§ **EXERCISE**: Reproduce verbatim all of the data given below, but do not carry over the images.

§ **DATASET CONTENT**:
- - - -

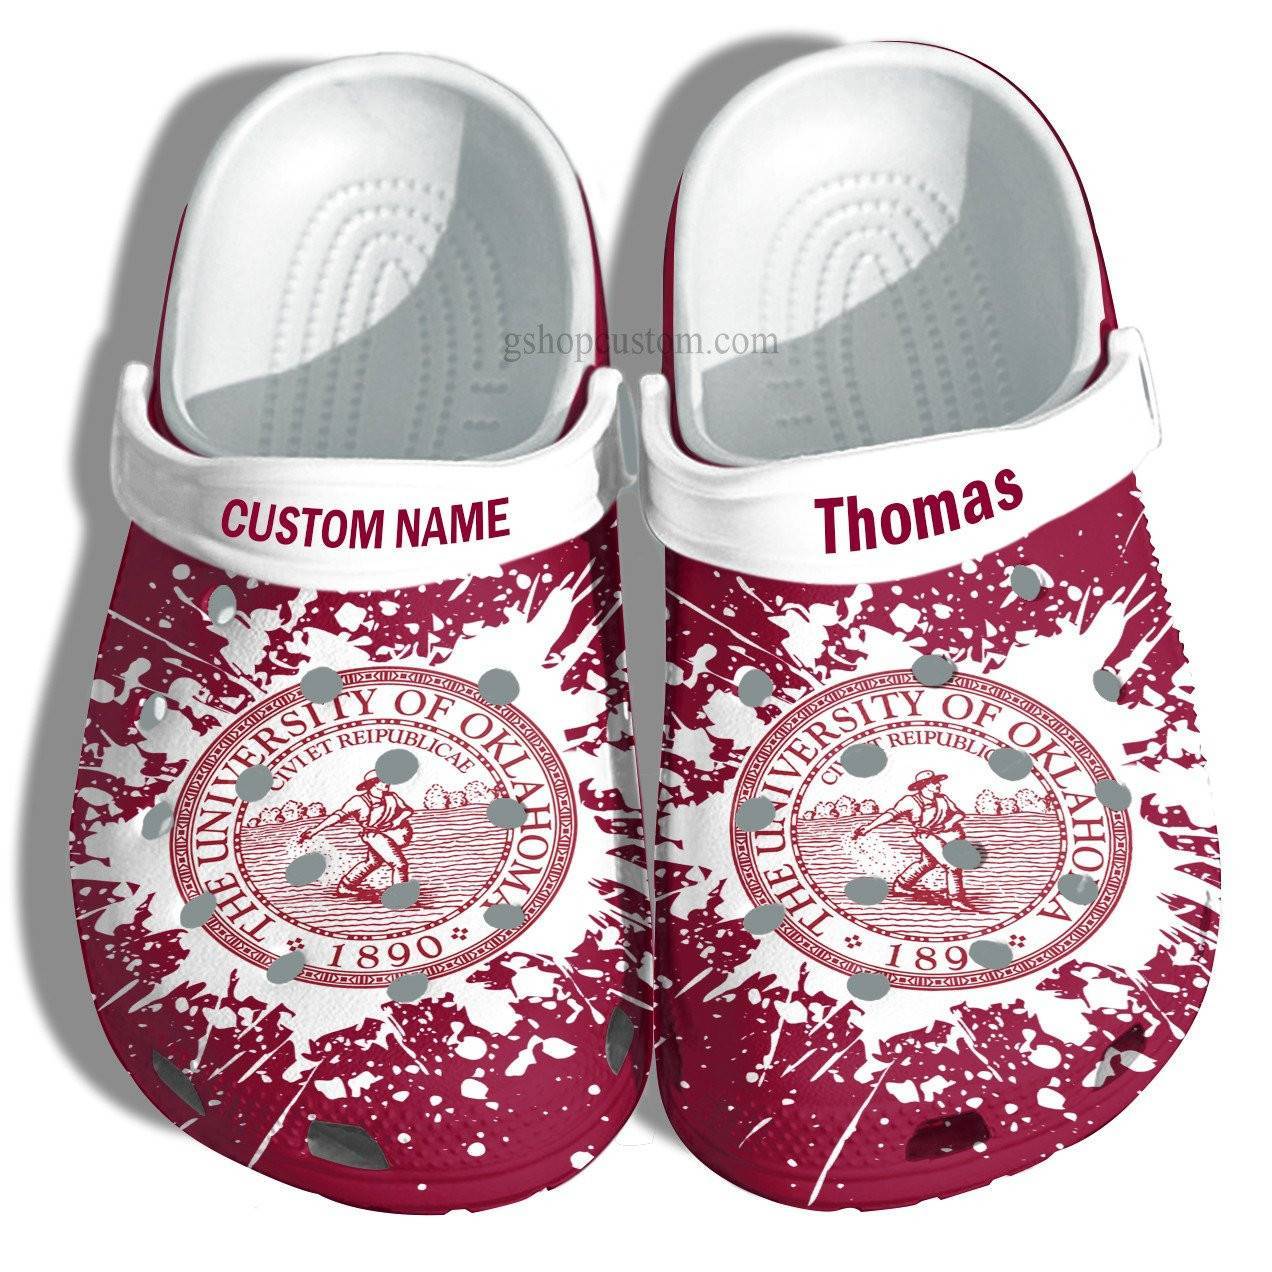 The University Of Oklahoma Graduation Gifts Croc Shoes Customize – Admission Gift Crocss Shoes For Men Women
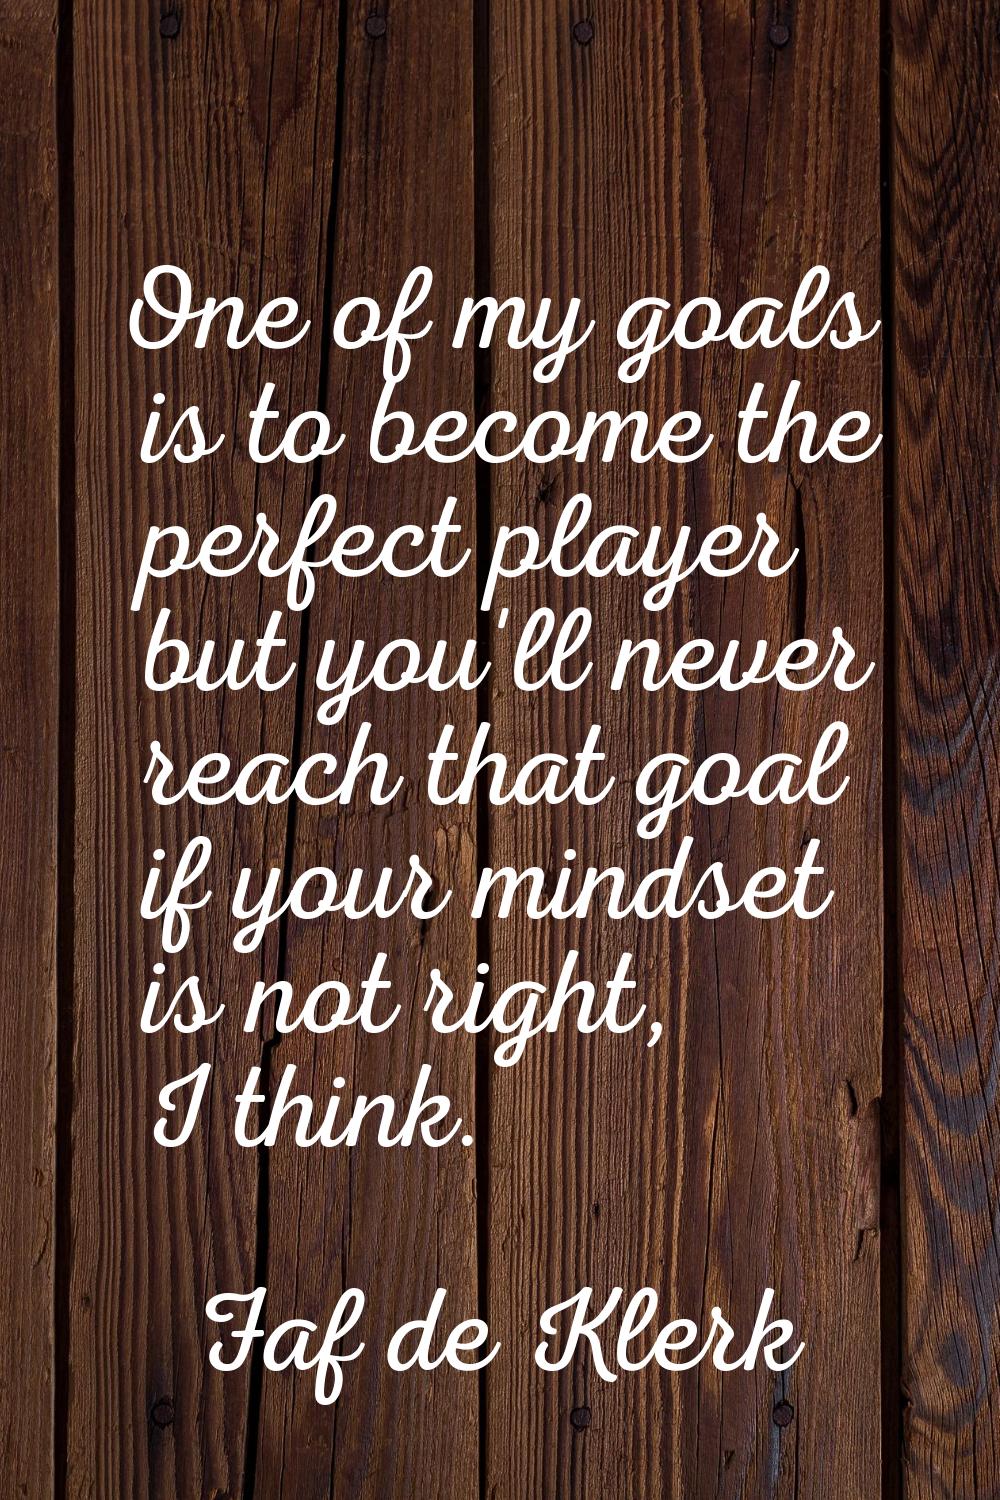 One of my goals is to become the perfect player but you'll never reach that goal if your mindset is
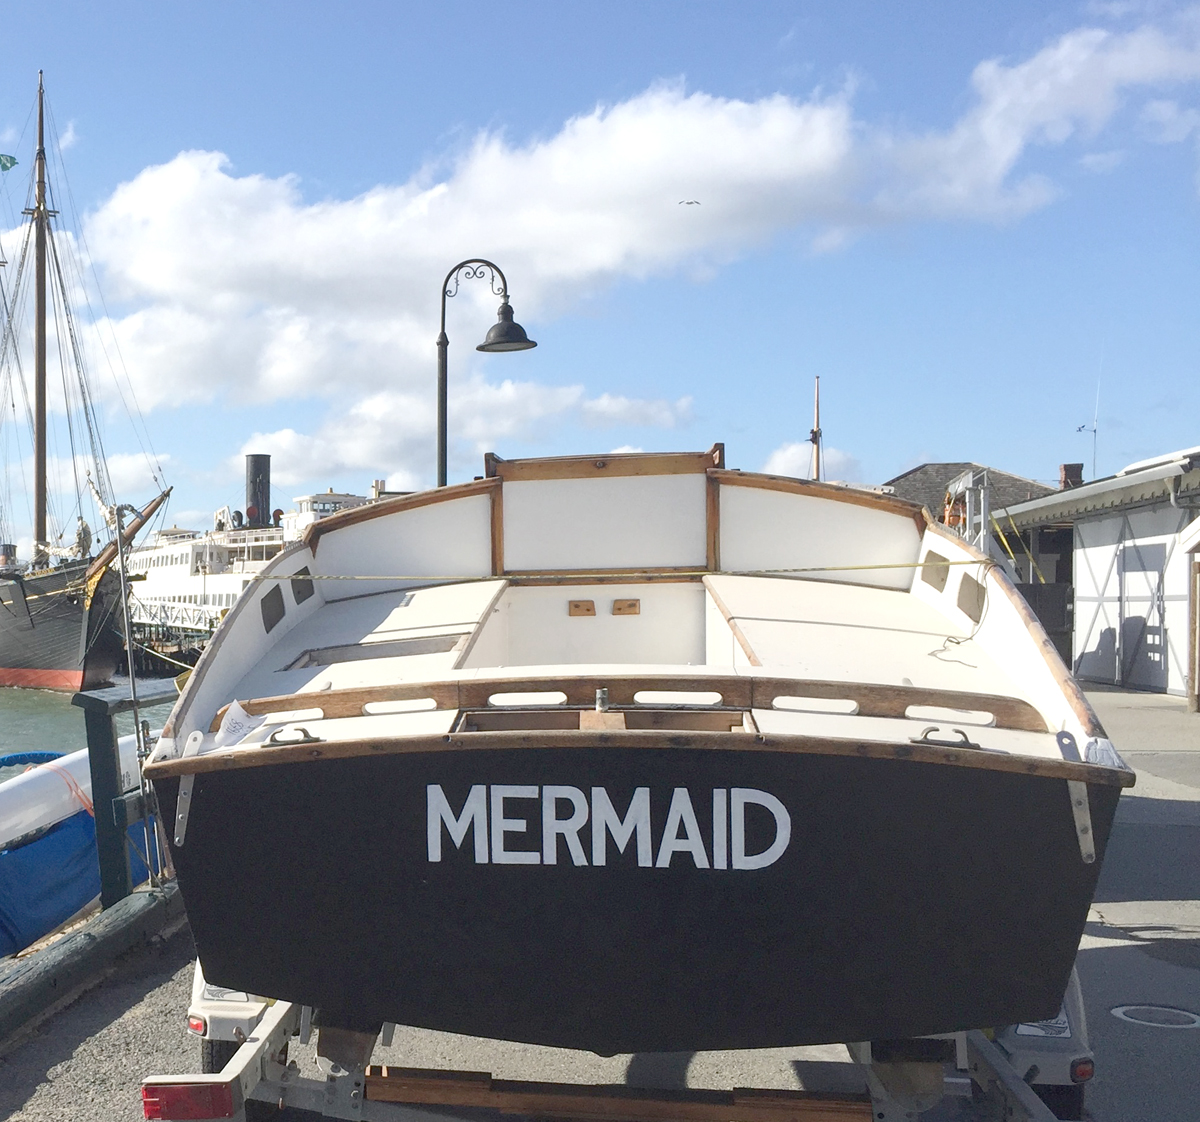 Small boat Mermaid sitting on a trailer at Hyde Street Pier. Viewed from the stern with the name "Mermaid" visible.

- - - -

§ **SOLVED EXERCISE**:
 The University Of Oklahoma Graduation Gifts Croc Shoes Customize – Admission Gift Crocss Shoes For Men Women
 One of my goals is to become the perfect player but you'll never reach that goal if your mindset is
 Small boat Mermaid sitting on a trailer at Hyde Street Pier. Viewed from the stern with the name "Mermaid" visible.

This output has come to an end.